Le moment décisif semble être la modification de la loi sur la naturalisation de Décembre 2003 qui interdisait les Palestiniens des territoires occupés d’obtenir un statut de résidence ou de citoyenneté en Israël par un mariage avec un citoyen israélien, les empêchant ainsi de vivre en Israël avec leur conjoint. Fortement critiquée par les organisations de Défense des Droits de l’Homme israéliennes et internationales, la loi vise exclusivement la minorité palestinienne d'Israël, dont les membres se marient souvent de l’autre côté de la Ligne Verte.
Le nombre de lois et de règlementations contre les Arabes israéliens ont augmenté de façon exponentielle. Il y a un an, une réglementation oubliée du Mandat Britannique de 1939, interdisant l'importation de livres imprimés en pays ennemi, est réapparue soudain, fermant les portes à l'importation de manuels scolaires en arabe et de toutes sortes de littérature imprimées au Liban (un centre d'éditions importantes, en arabe) et dans d’autres pays arabes. Aucun problème de sécurité n’est en jeu: tous les livres importés sont soumis à la censure de toute façon.
Une provocation analogue est le récent ordre du Ministre des Transports demandant d’effacer les noms de lieux arabes de la signalisation routière et de les remplacer par leurs noms en hébreu. Ainsi, les noms des lieux, y compris ceux des villes mixtes ou arabes comme Yaffa (Jaffa) ou Shafa'amr, devraient être publiquement orthographiés en arabe (!) sous leur forme hébraïque - Yafo ou Shefar'am.
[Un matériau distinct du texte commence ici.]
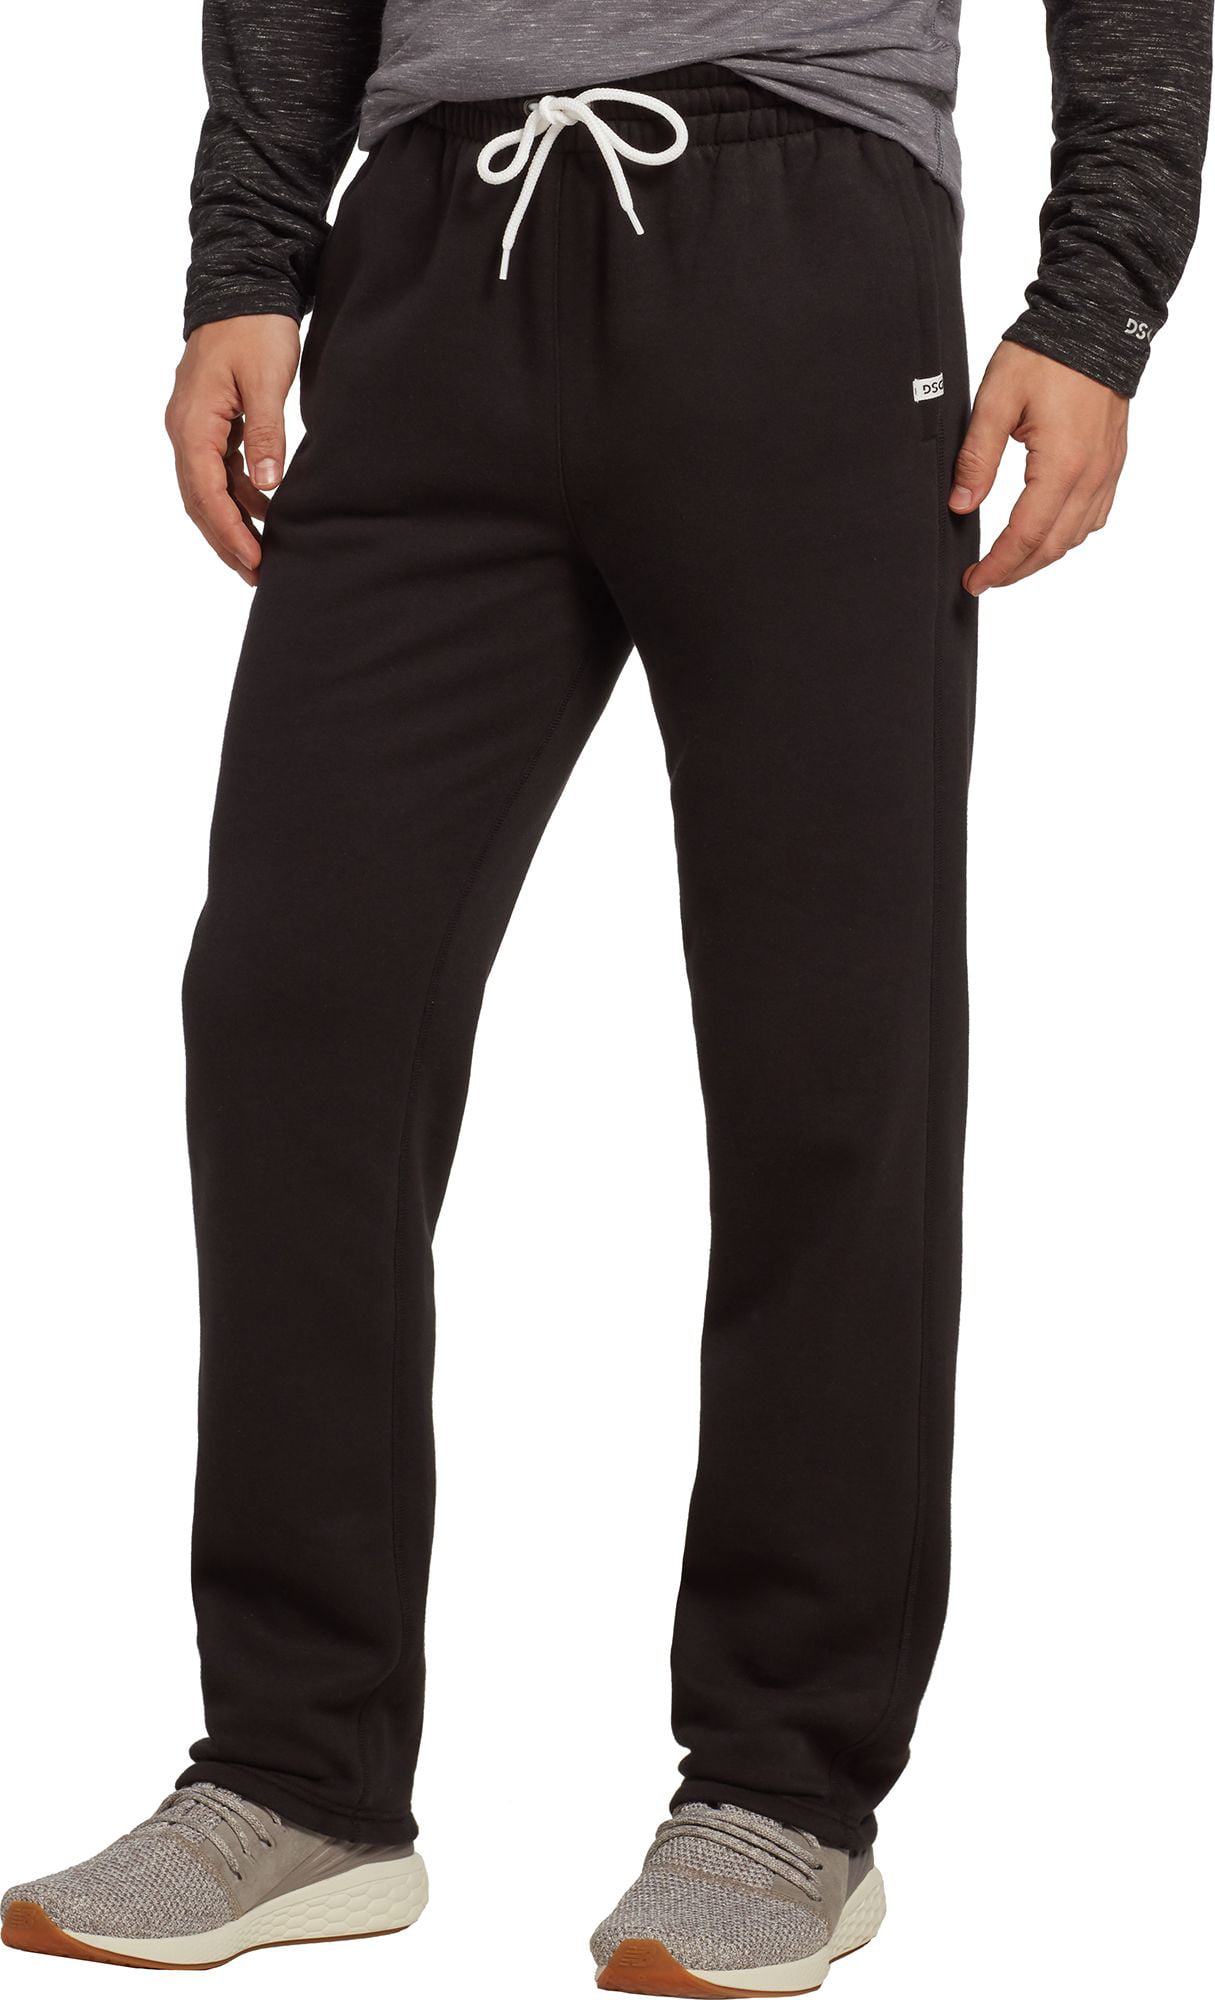 DSG Outerwear - DSG Men's Everyday Cotton Fleece Pants - Walmart.com ...

Alors que partout dans le monde, du Canada à l'Australie, les ex-pays colonialistes reconnaissent et respectent le patrimoine culturel, les droits et les torts causés aux minorités autochtones, l’Israël colonialiste est impatient de les faire disparaître - politiquement, culturellement et physiquement.
Une nouvelle attaque contre la minorité israélo-palestinienne est la loi proposée visant à interdire la commémoration de la Nakba, la Catastrophe de 1948 où des centaines de villages palestiniens ont été détruits et des centaines de milliers de Palestiniens sont devenus des réfugiés. Bien que sa forme originale, y compris l'emprisonnement des personnes qui la commémorent, a été assouplie par une formulation interdisant seulement aux organes soutenus par un public de commémorer l'événement, l'intention est claire - comme ce fut le cas de la loi (actuellement rejetée) exigeant une déclaration de loyauté à chaque citoyen israélien.
L'attaque contre la minorité palestinienne d'Israël a de profondes racines idéologiques dans le purisme nationaliste extrême, mais elle a surtout des motivations politiques. Les Arabes israéliens, en dépit de six décennies de discrimination, ont été une minorité incroyablement loyale.
La droite israélienne souhaite manifestement mettre un terme à cette loyauté, en espérant que l'incitation conduira les Arabes israéliens à utiliser une certaine forme de résistance violente, de la violence de la rue à des attaques terroristes.
Cela permettrait de créer l'atmosphère souhaitée de suspicion, de peur et de haine dont le fascisme a toujours besoin pour s'épanouir. Une Intifada israélo-arabe est le rêve de nombreux Israéliens d’Extrême-Droite : au niveau national et international, cela leur permettrait de présenter une nouvelle fois Israël comme une victime menacée de la persécution Arabe/Musulmane/Gentile (ndt : non-juifs), non pas comme l’Etat paria, la puissance coloniale régionale qu’il est vraiment.